- Exercise requirements: Repeat the whole listing word for word, skipping pictures.

- Stored data:
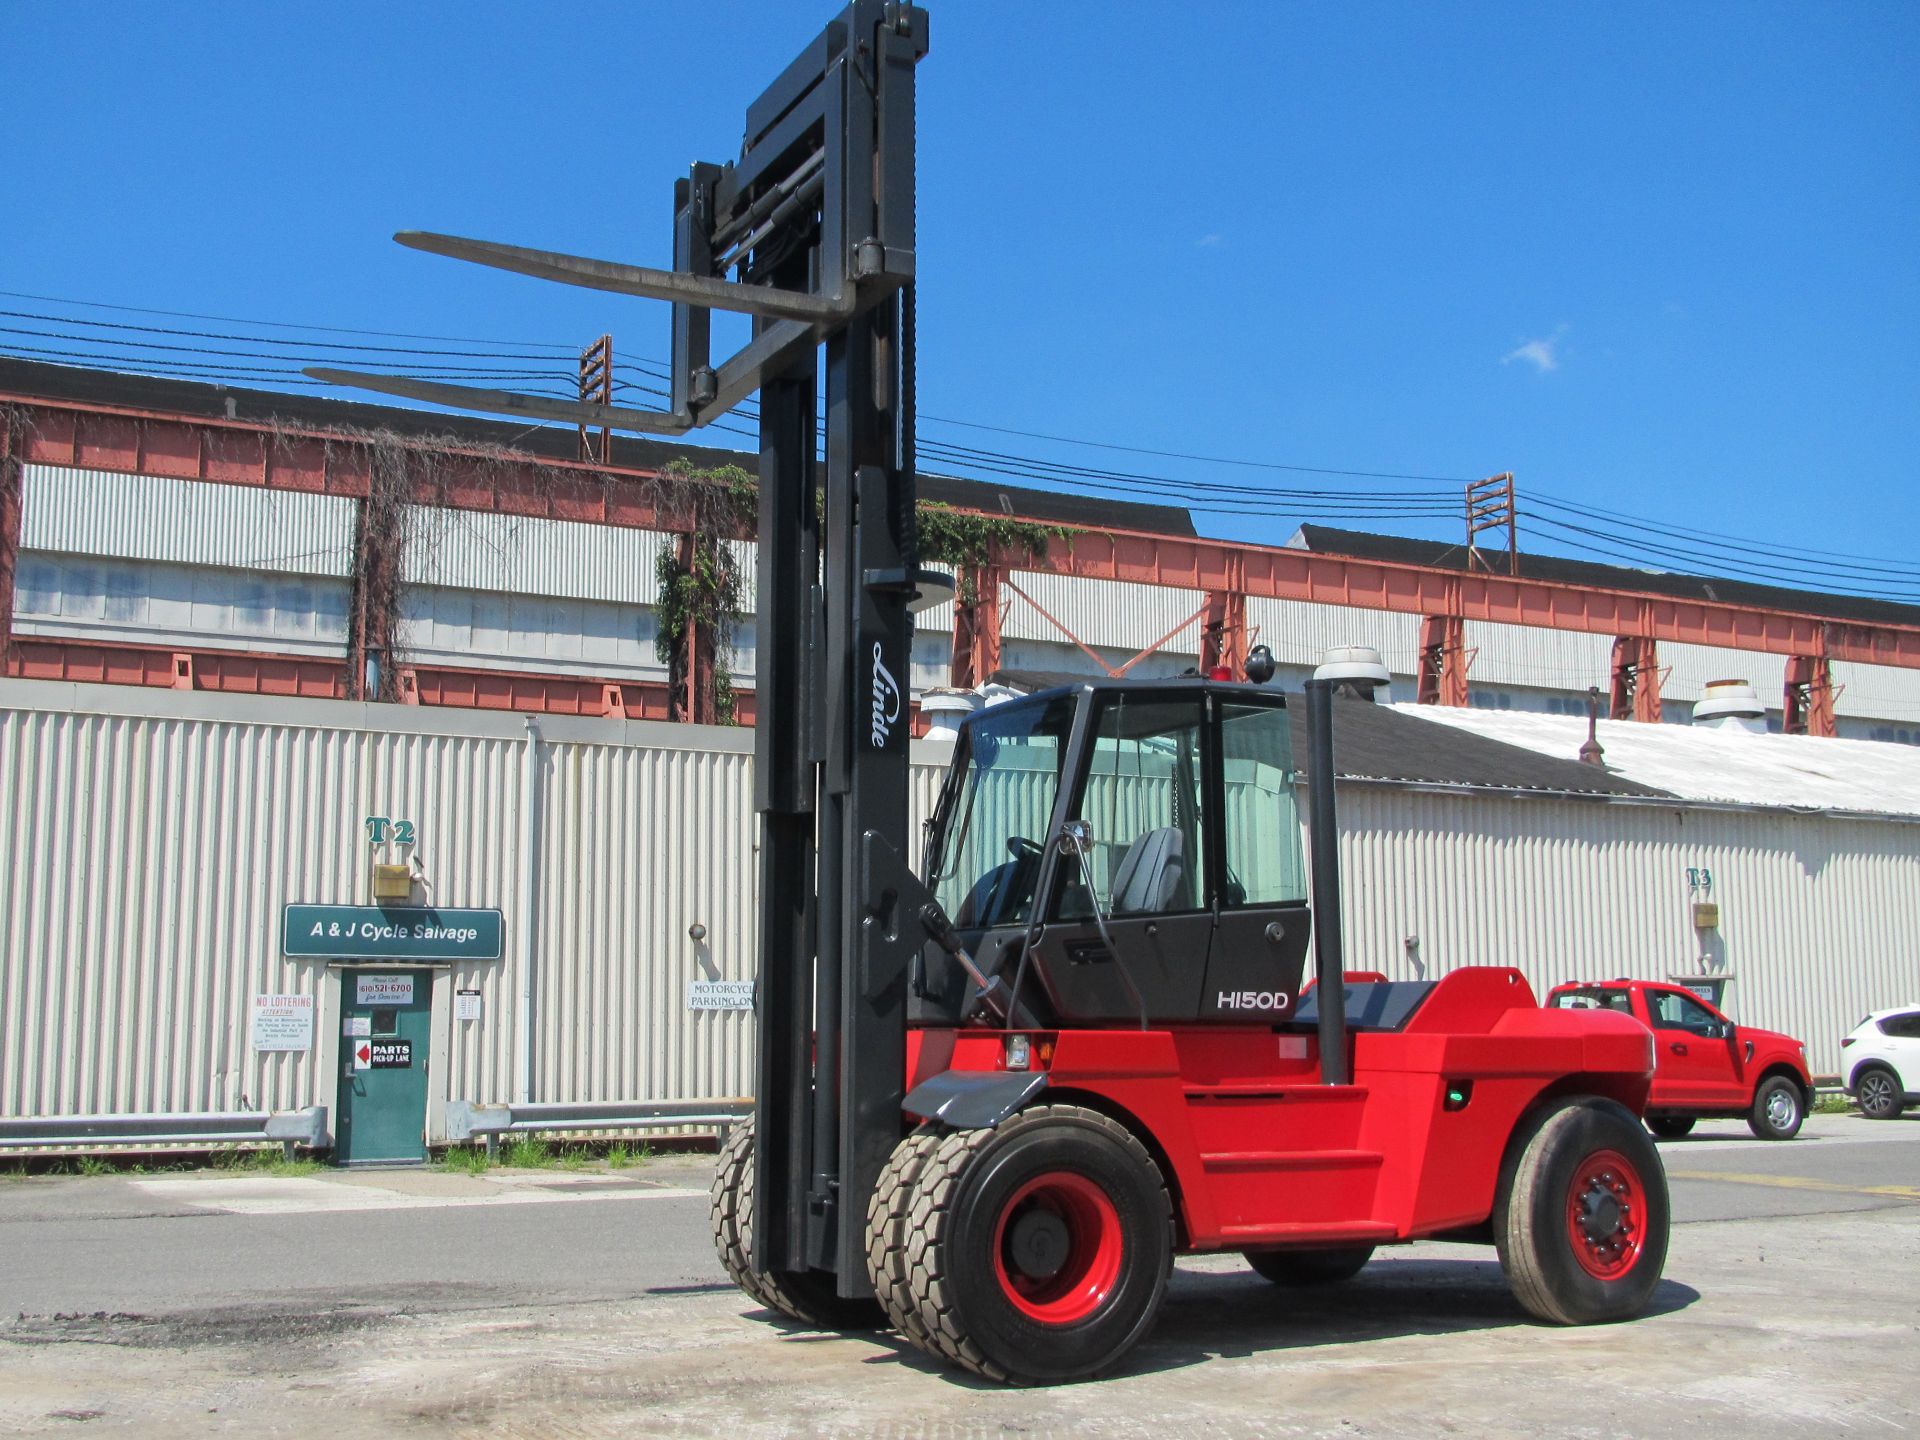 Linde H150D 30,000lb Forklift - Image 7 of 12
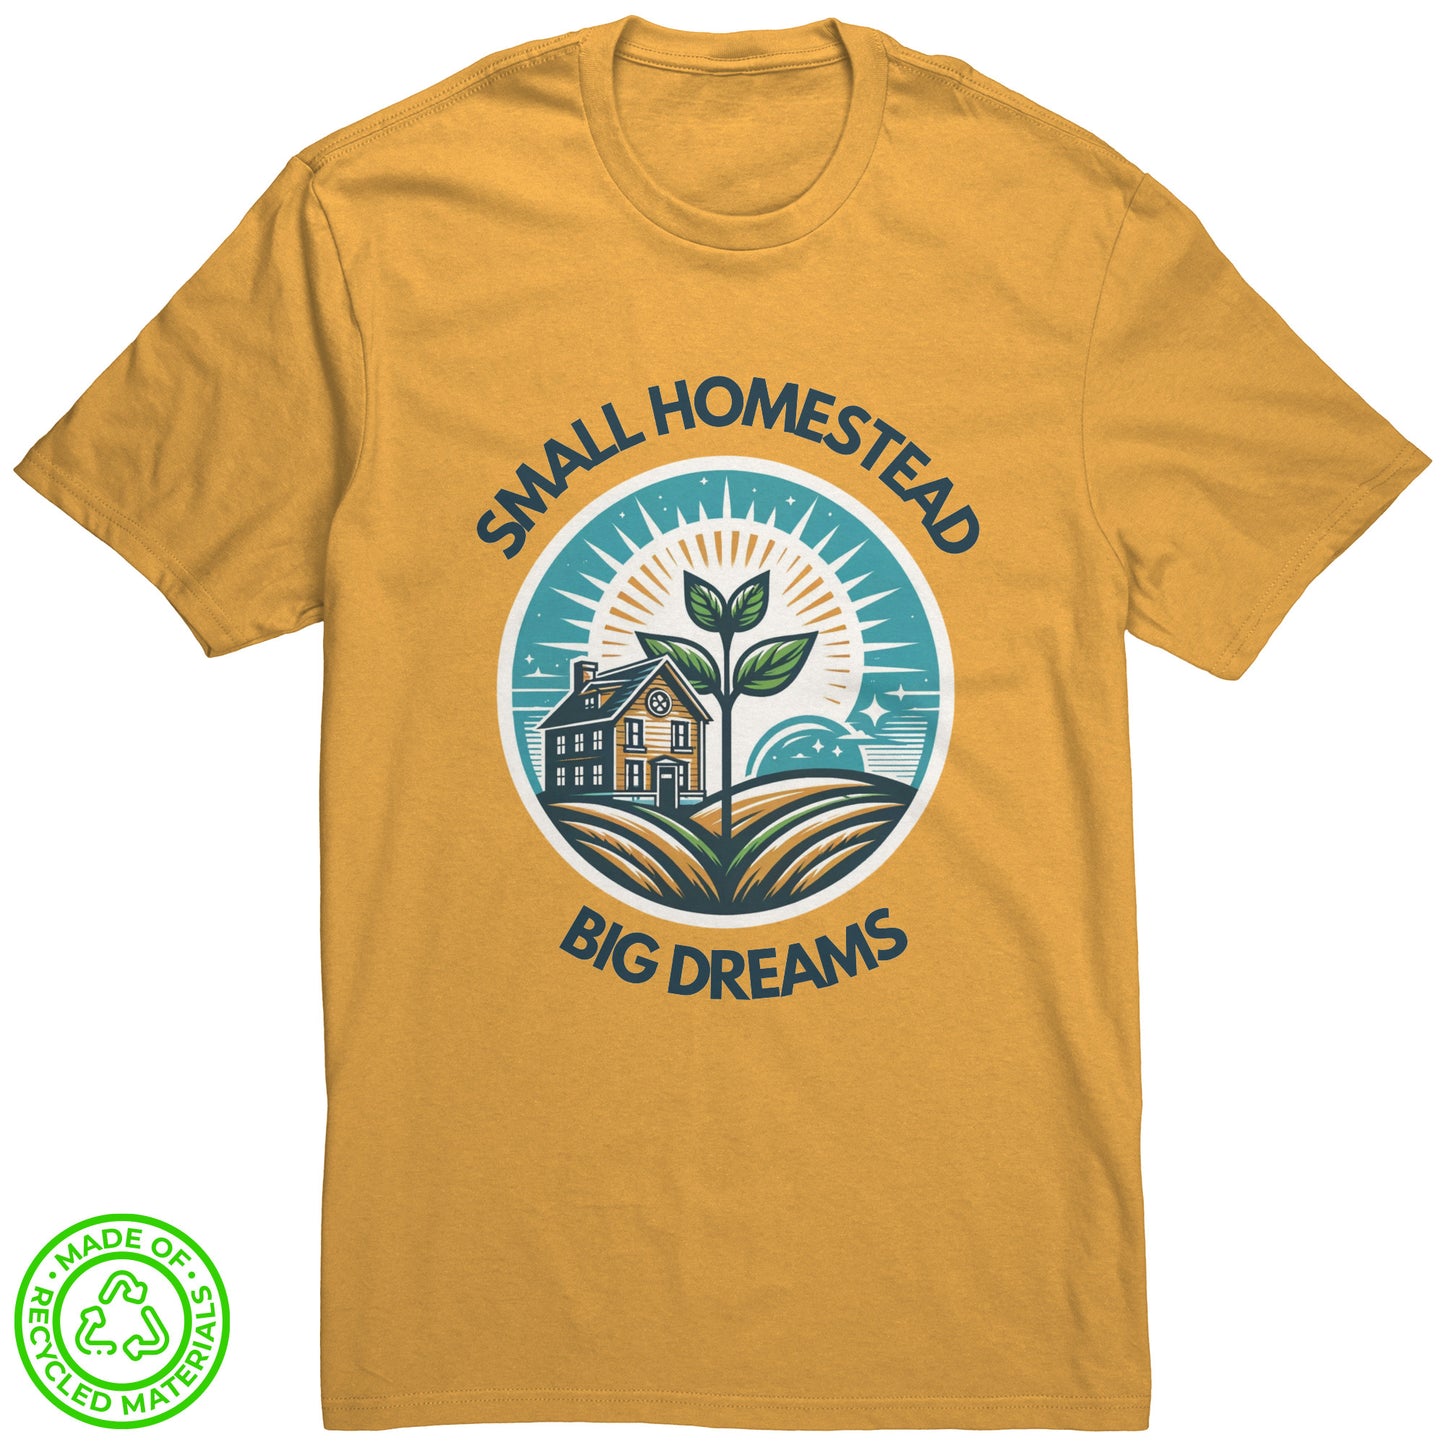 Small Homestead, Big Dreams Shirt by Farmer Brad
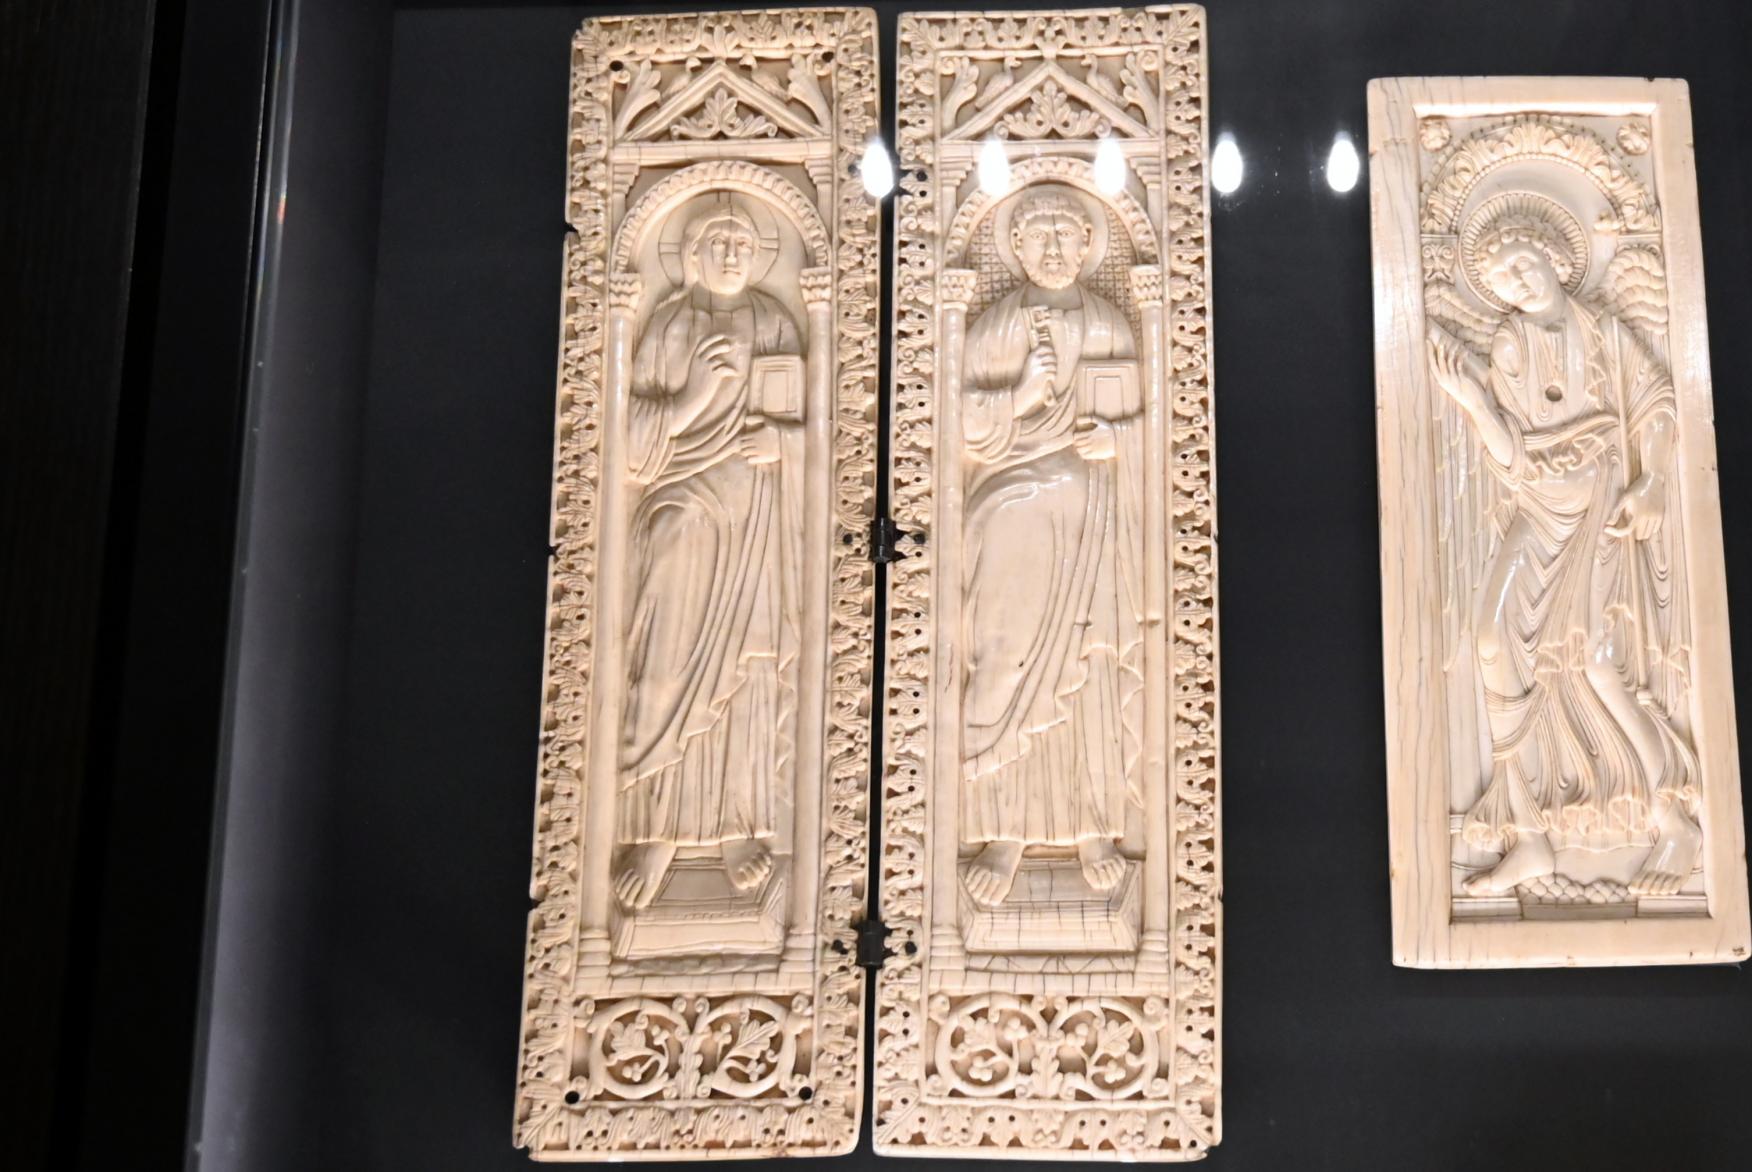 Diptychon mit Christus und Petrus, Darmstadt, Hessisches Landesmuseum, Kirchliche Schatzkammer, um 900

- Final answer:
 Linde H150D 30,000lb Forklift - Image 7 of 12
 Small Homestead, Big Dreams Shirt by Farmer Brad
 Diptychon mit Christus und Petrus, Darmstadt, Hessisches Landesmuseum, Kirchliche Schatzkammer, um 900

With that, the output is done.